Я использую RStan для выборки из большого количества гауссовских процессов (GP), то есть с помощью функции stan (). Для каждого подходящего мне GP загружается другая DLL, что можно увидеть, выполнив команду R.
getLoadedDLLs()
Проблема, с которой я сталкиваюсь, заключается в том, что, поскольку мне нужно разместить так много уникальных GP, я превышаю максимальное количество DLL, которые могут быть загружены, и в этот момент я получаю следующую ошибку:
Error in dyn.load(libLFile) :
unable to load shared object '/var/folders/8x/n7pqd49j4ybfhrm999z3cwp81814xh/T//RtmpmXCRCy/file80d1219ef10d.so':
maximal number of DLLs reached...
Насколько я могу судить, это установлено в Rdynload.c базового кода R следующим образом:
#define MAX_NUM_DLLS 100
Итак, мой вопрос: что можно сделать, чтобы это исправить?

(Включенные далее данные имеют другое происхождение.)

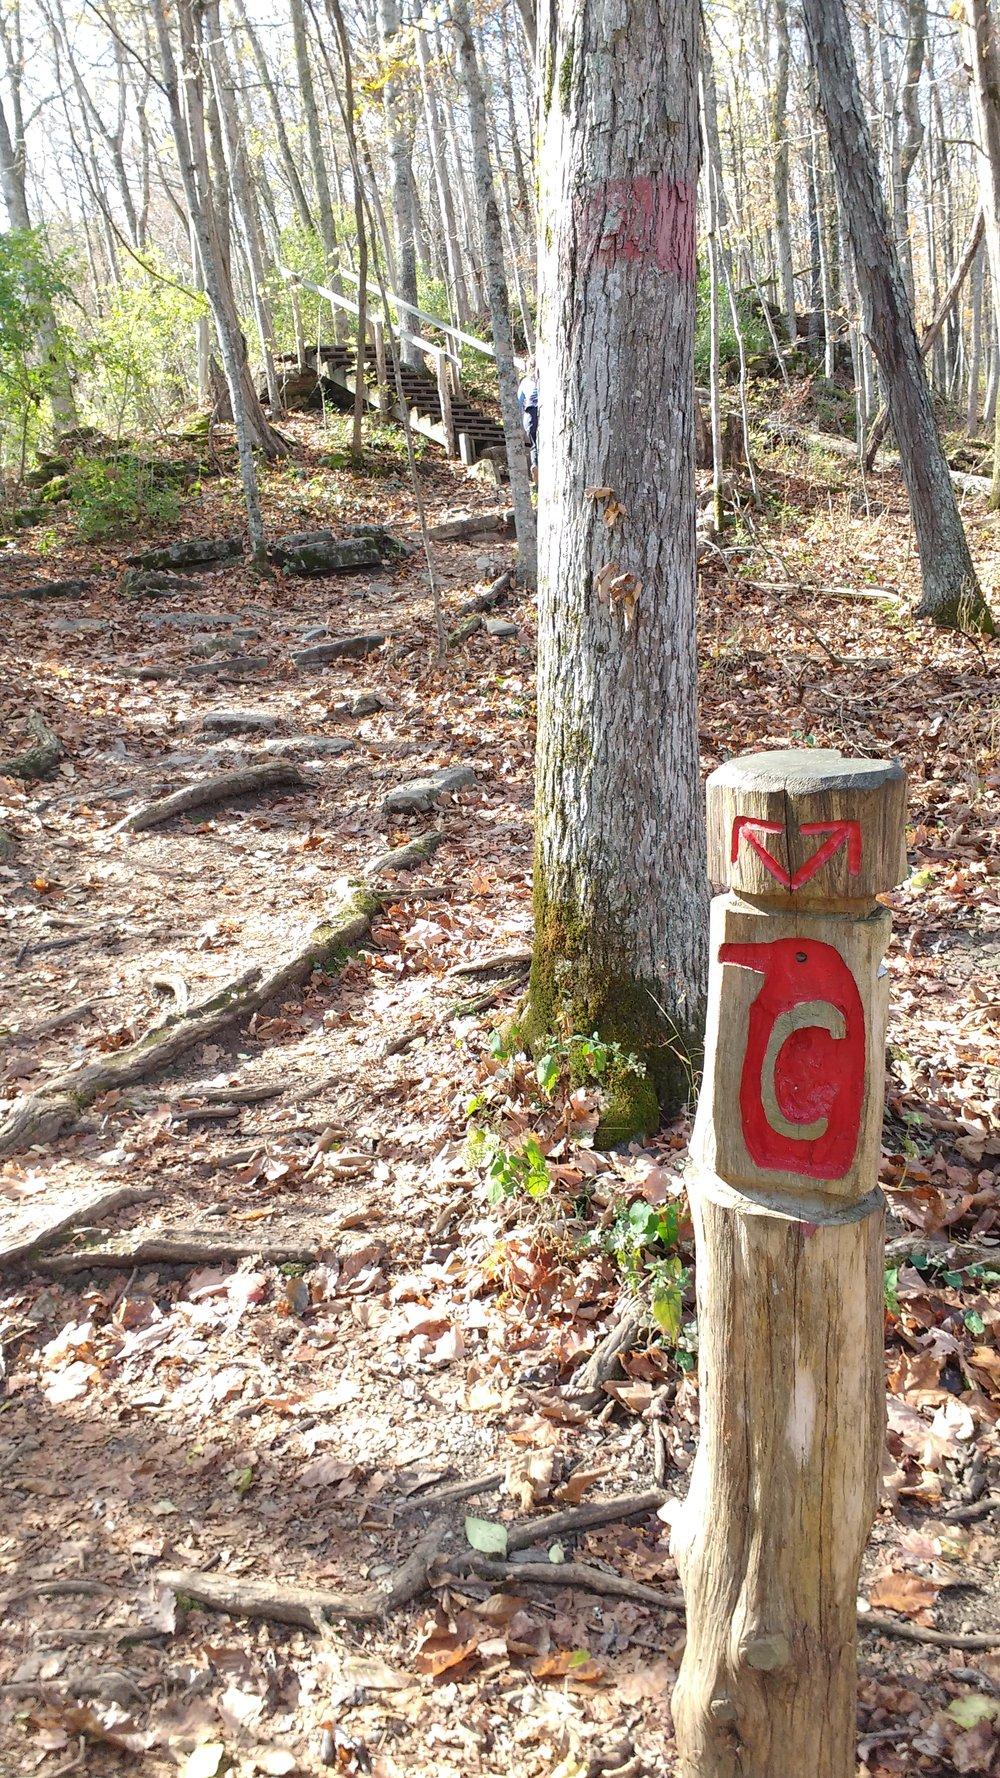 Trail marker at Raven Run Nature Sanctuary

Сборка R из исходного кода с большим MAX_NUM_DLLS не является вариантом, поскольку мой код будет запускаться соавторами, которым этот процесс не понравится. Я пробовал наивный подход просто выгружать библиотеки DLL с помощью dyn.unload () в надежде, что они будут просто перезагружены, когда они снова понадобятся. Выгрузка работает нормально, но когда я снова пытаюсь использовать подгонку, неудивительно, что R вылетает с ошибкой вроде:
*** caught segfault ***
address 0x121366da8, cause 'memory not mapped'
Я также пробовал отсоединить RStan в надежде, что библиотеки DLL будут автоматически выгружены, но они сохраняются даже после выгрузки пакета (как и ожидалось, учитывая следующее в справке по отсоединению: «отсоединение обычно не выгружает динамически загруженные скомпилированные файлы. код (библиотеки DLL) ").
Исходя из этого вопроса, можно ли выгружать библиотеки DLL пакета Rcpp без перезапуска R? кажется, что library.dynam.unload()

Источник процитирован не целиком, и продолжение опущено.